Hardware status matrix#

Condition name Monitored failure Technical vector / command underlying
GpuXid Critical NVIDIA XID errors dmesg | grep -i 'xid|nvidia' (e.g., XID 79 / GPU Lost)
GpuSXid NVIDIA SXid fabric errors Monitors uncorrectable fabric errors
GpuTemperature GPU thermal anomalies Tracked via DCGM field ID 150 (dcgmi dmon)
GpuRemappedRows Impending hardware memory failure Monitors pending row remappings needing a system reset
GpuNvlink Bandwidth interconnect loss Tracking connectivity on NVLink/NVSwitch meshes
GpuCount Missing accelerator hardware Discrepancy between found vs. expected node GPU counts
GpuInfiniband InfiniBand RDMA port degradation Validates if ports are active and negotiating at specified speeds
GpuLinkWidth Degraded PCIe bus speeds Detects if a card drops below max width (e.g., running at x1 instead of x16)
ReadonlyFilesystem Host OS storage faults Catches read-only file system lockups and XFS shutdowns
NodeConnectivityError Cluster network interface drops Validates core host networking paths

Active health checks and benchmarking#

Active checks run deep diagnostics to catch subtle performance regressions that passive monitoring cannot detect, such as degraded cross-node communication or storage IOPS decay.

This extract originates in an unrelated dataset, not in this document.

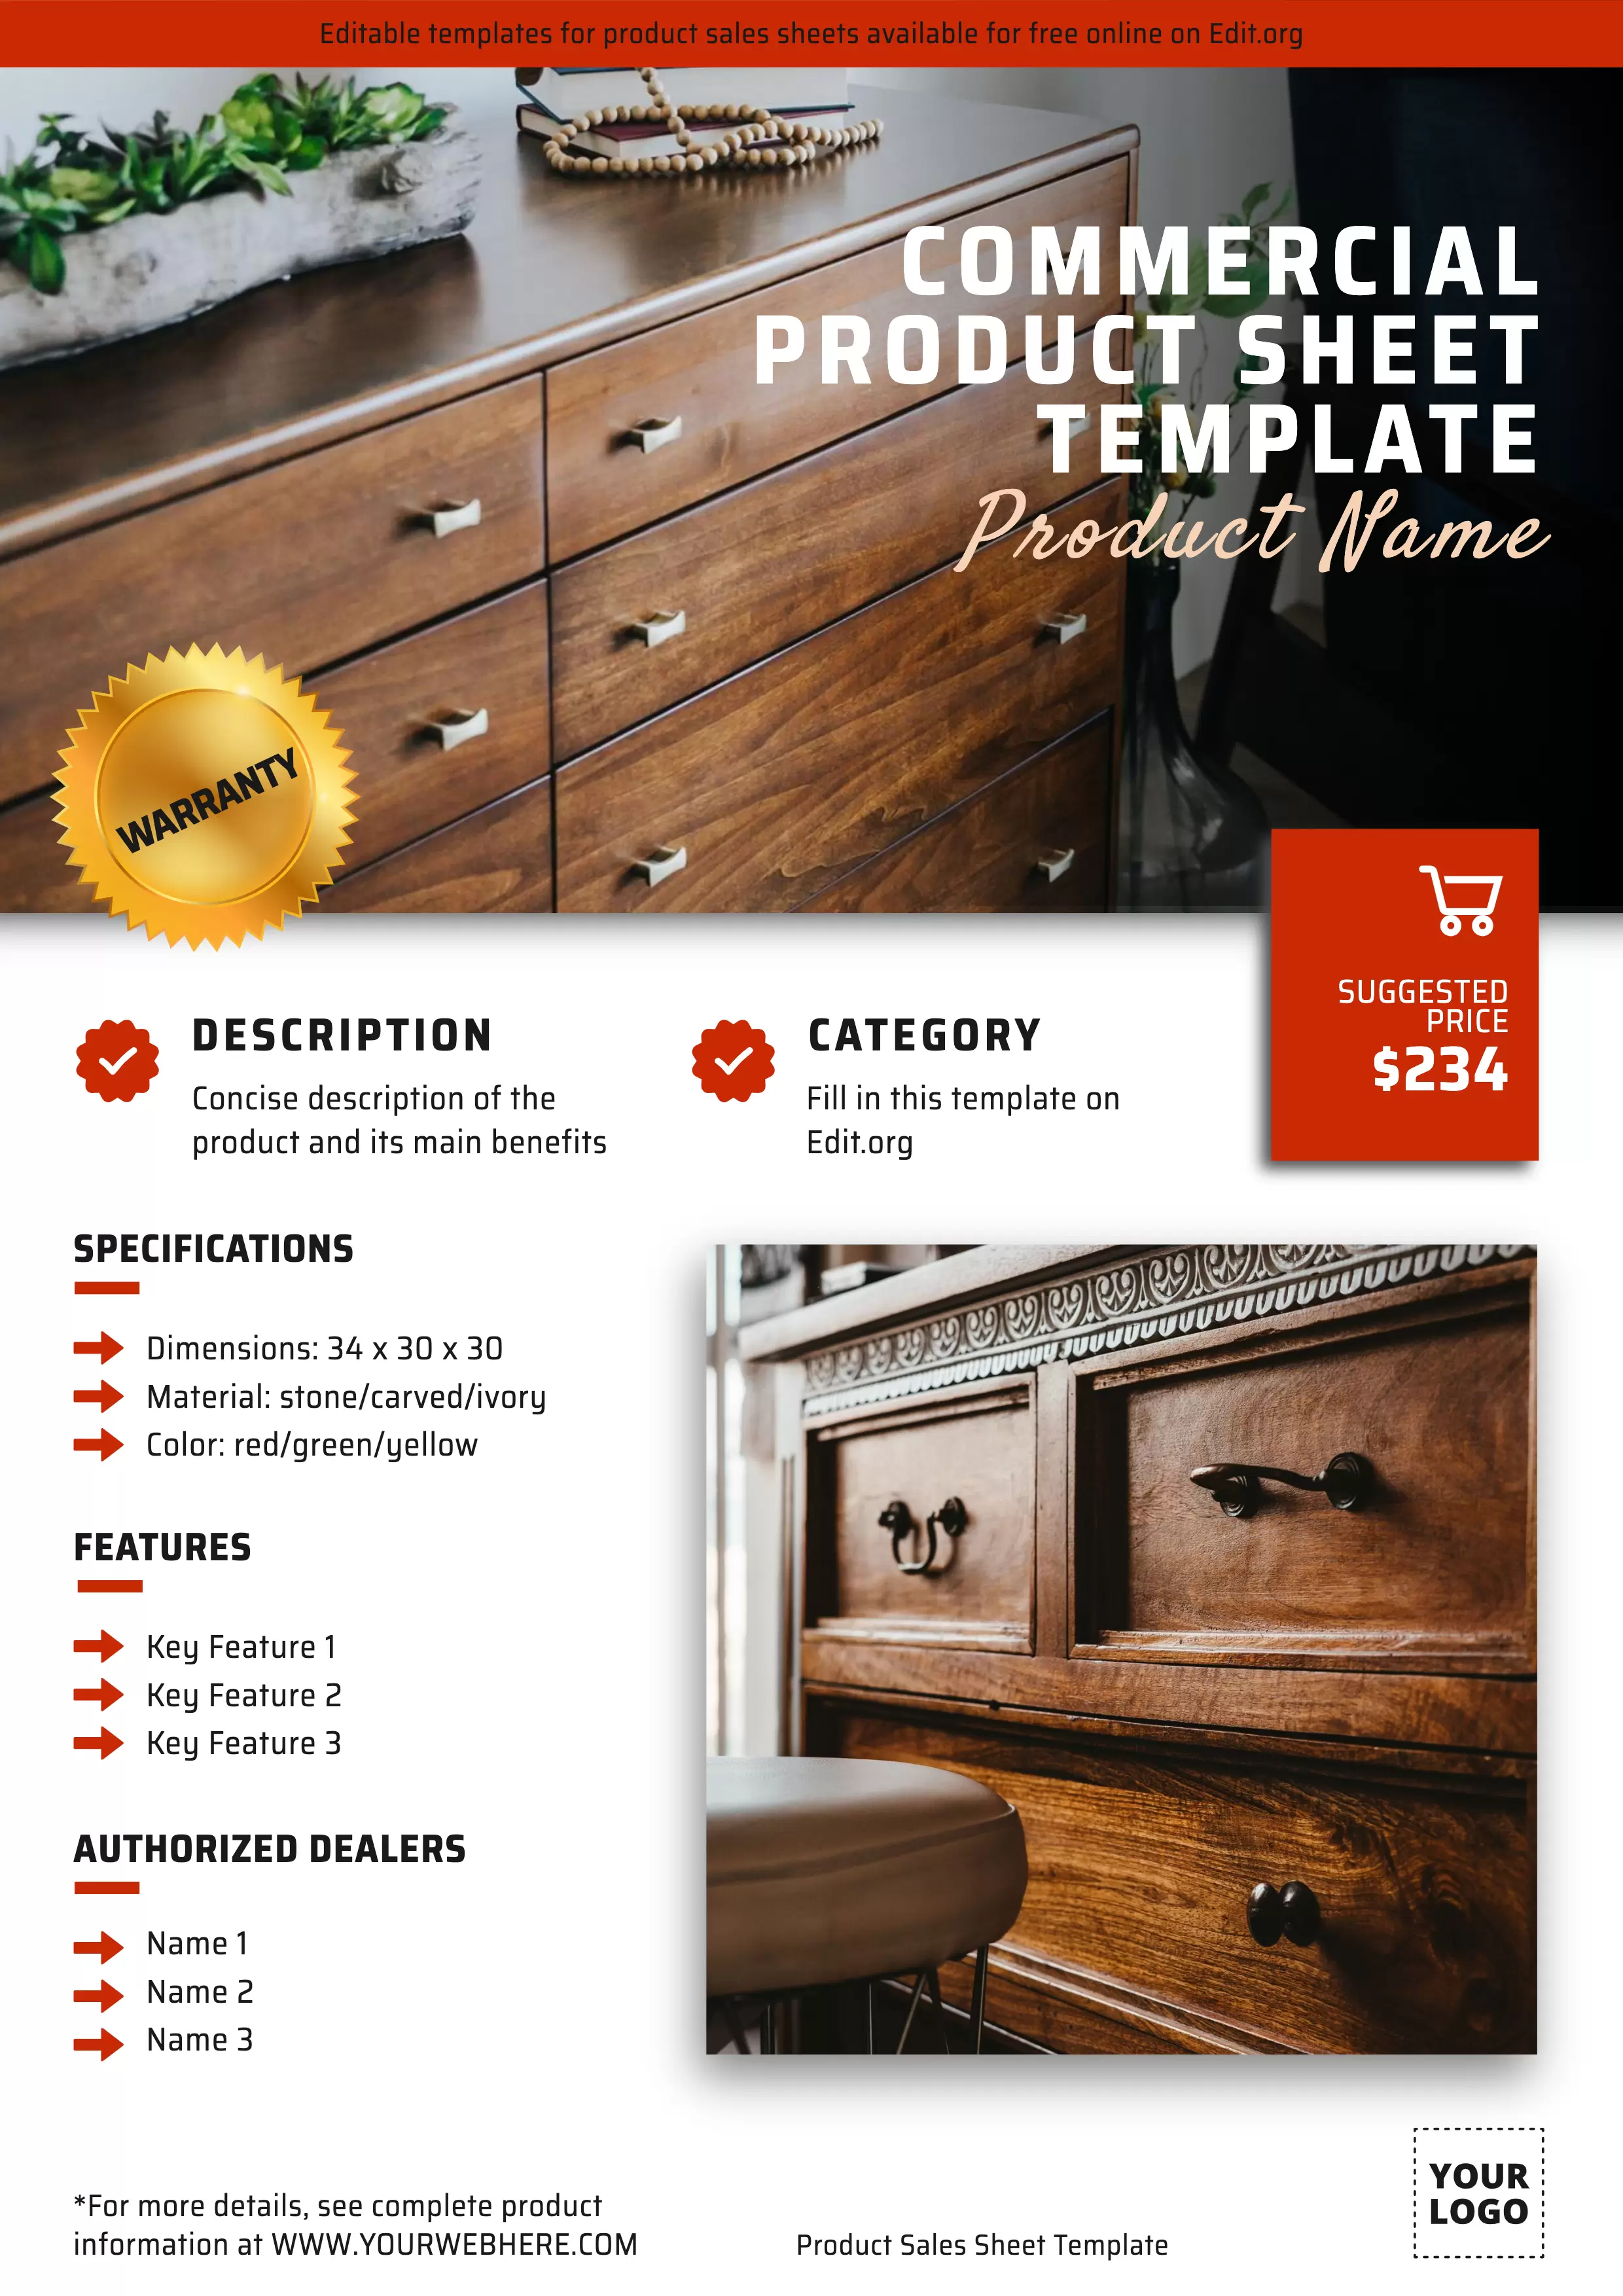 Editable sample product Sell Sheet template

1. Node-level diagnostics (reboots and maintenance)#

These tests execute automatically at cluster handoff, following designated maintenance windows, and upon every individual node reboot. If these tests fail, the node is isolated immediately.

  • NVIDIA DCGM diag level 3 (EUD): Runs extensive compute and memory cell validation (dcgmi diag -r 3).
  • Thermal and load stressing: Short, high-intensity 15-minute runs using gpu-burn and gpu-fryer to confirm thermal margins under peak power draw.
  • Host-to-device transfer: Executes nvbandwidth to benchmark PCIe Gen/width performance between host CPUs and GPUs.

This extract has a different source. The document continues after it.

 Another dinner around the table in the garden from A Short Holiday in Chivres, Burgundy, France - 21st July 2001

2. Scheduled fabric validation (continuous workspace CronJobs)#

Operating via CronJobs on a configurable cadence (typically hourly or weekly), these workloads target only idle nodes.

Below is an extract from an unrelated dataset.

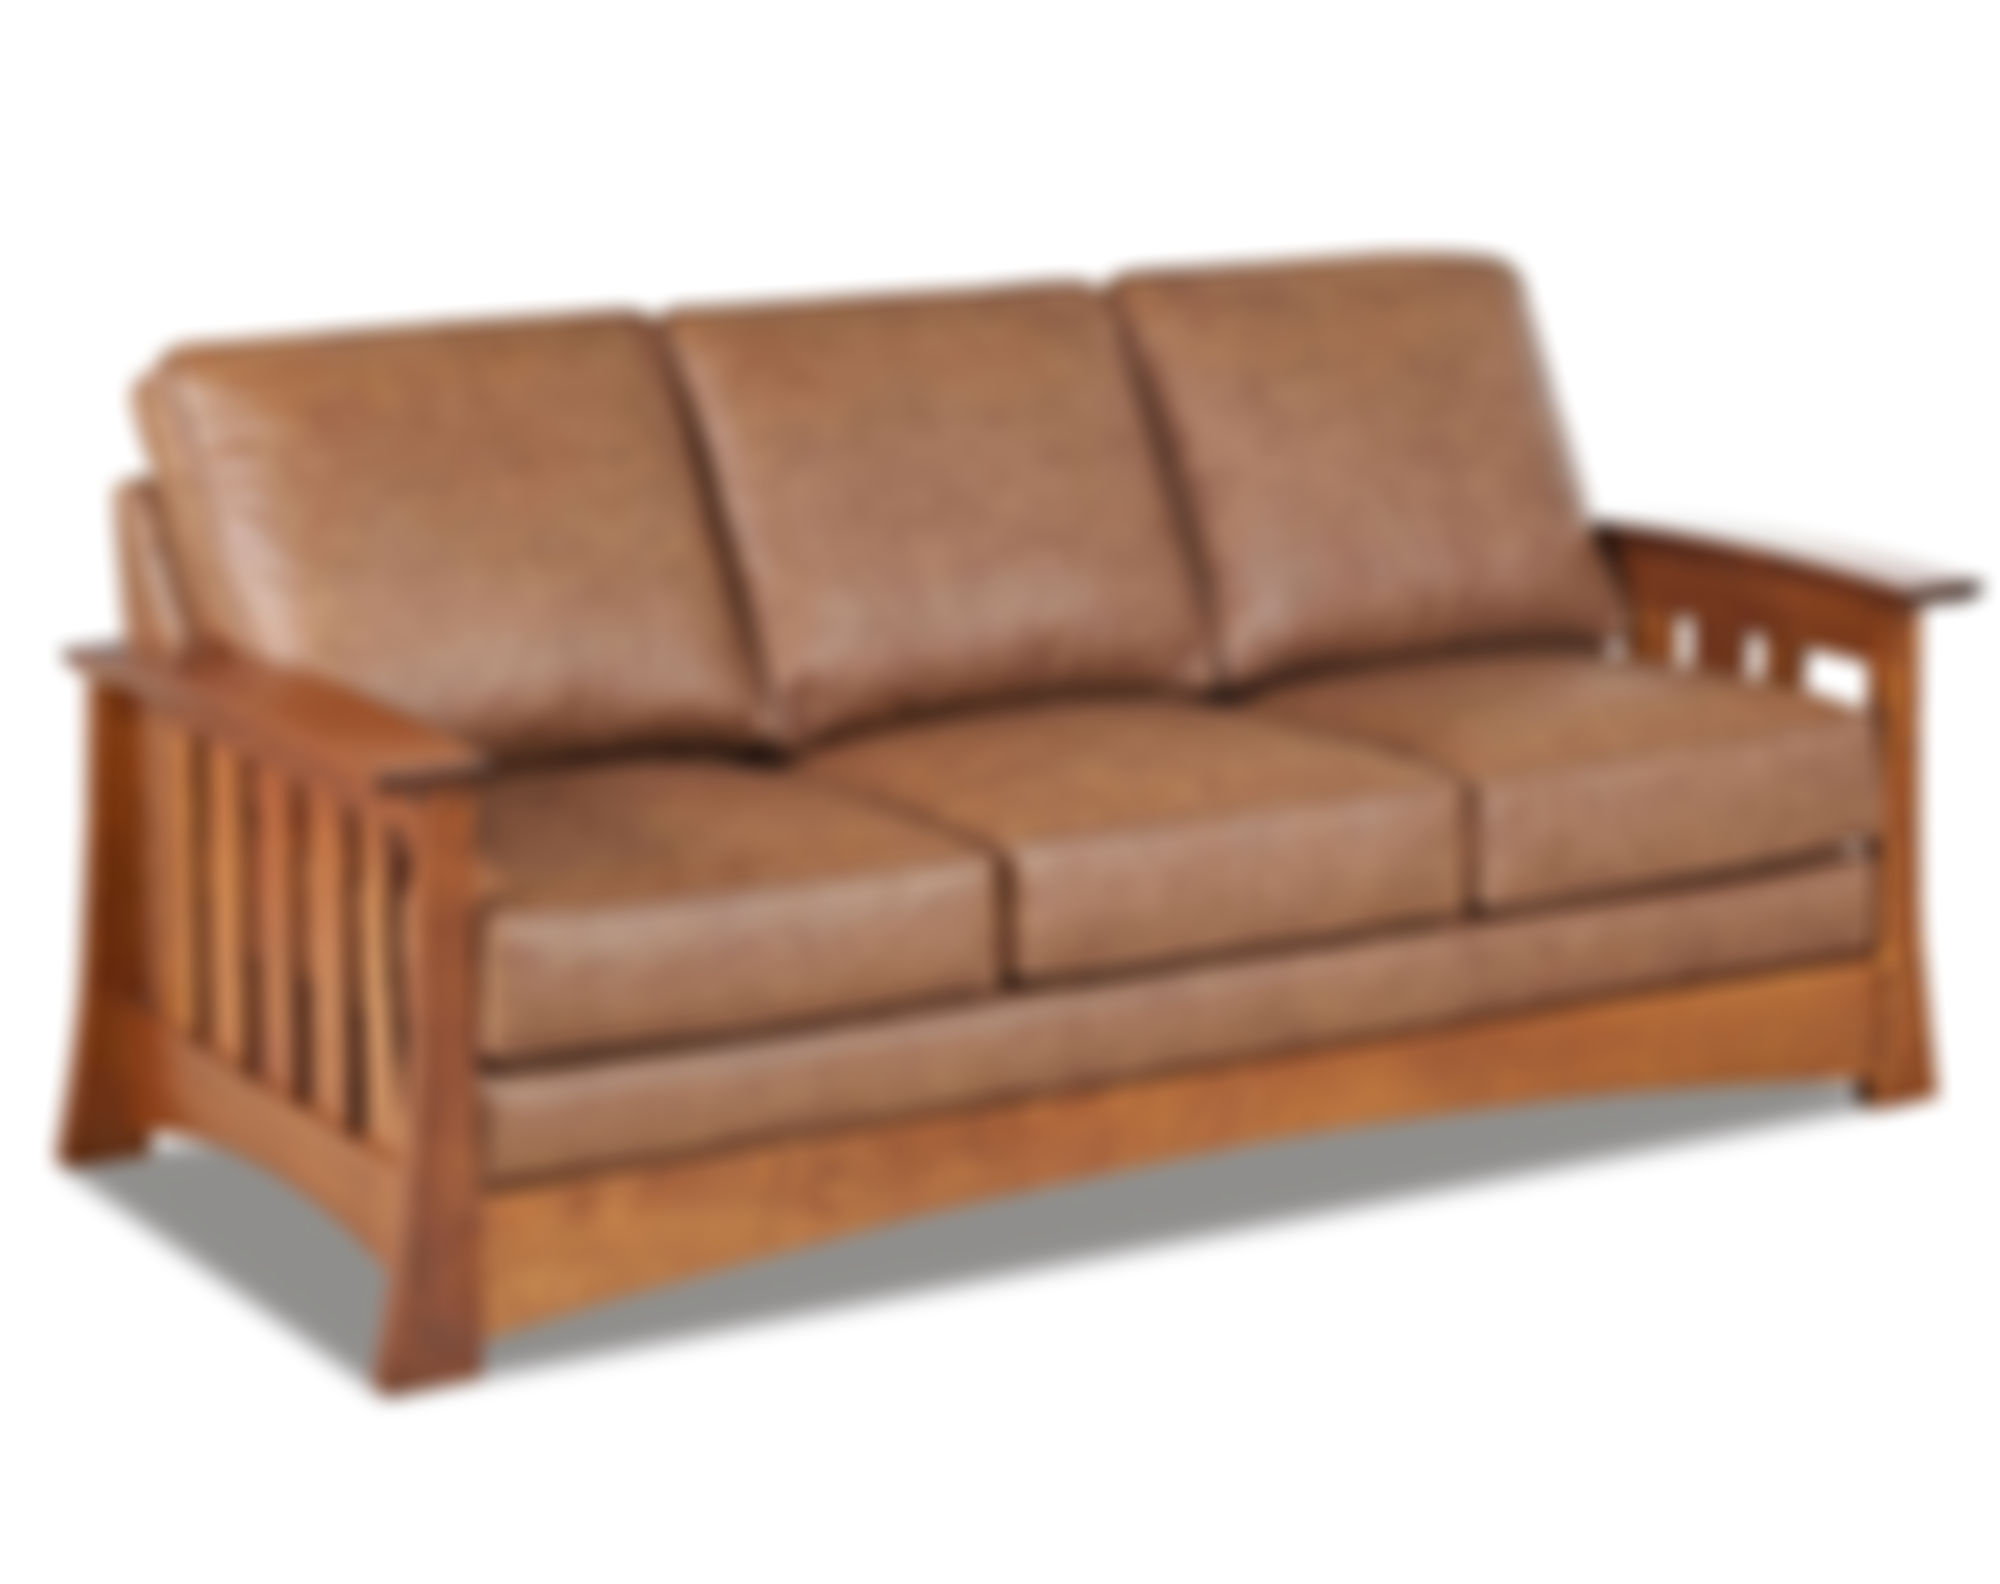 Mission Style Leather Queen Sofas, Craftsman Leather Sofa

  • Distributed multi-node benchmarking: Executes an MPI all-reduce operation (mpirun all-reduce-perf) verifying NVLink, NVSwitch, and InfiniBand fabrics simultaneously.
  • Network isolation testing: Leverages NCCL_P2P_DISABLE=1 alongside bidirectional RDMA perftests (ib_write_bw) to isolate raw fabric throughput independent of local node routing.
  • Shared storage benchmarking: Launches non-destructive fio workloads mapping to the cluster's primary storage class, measuring sustained IOPS, bandwidth (GB/s), and latency (ms) without consuming physical drive lifespan.

Topology-aware scoping#

Using native Kubernetes node selector labels, tests automatically adapt to cluster architecture:

  • Zone-scoped tests: Validate local intra-rack InfiniBand loops.
  • Cluster-wide tests: Validate cross-zone fabric backbones.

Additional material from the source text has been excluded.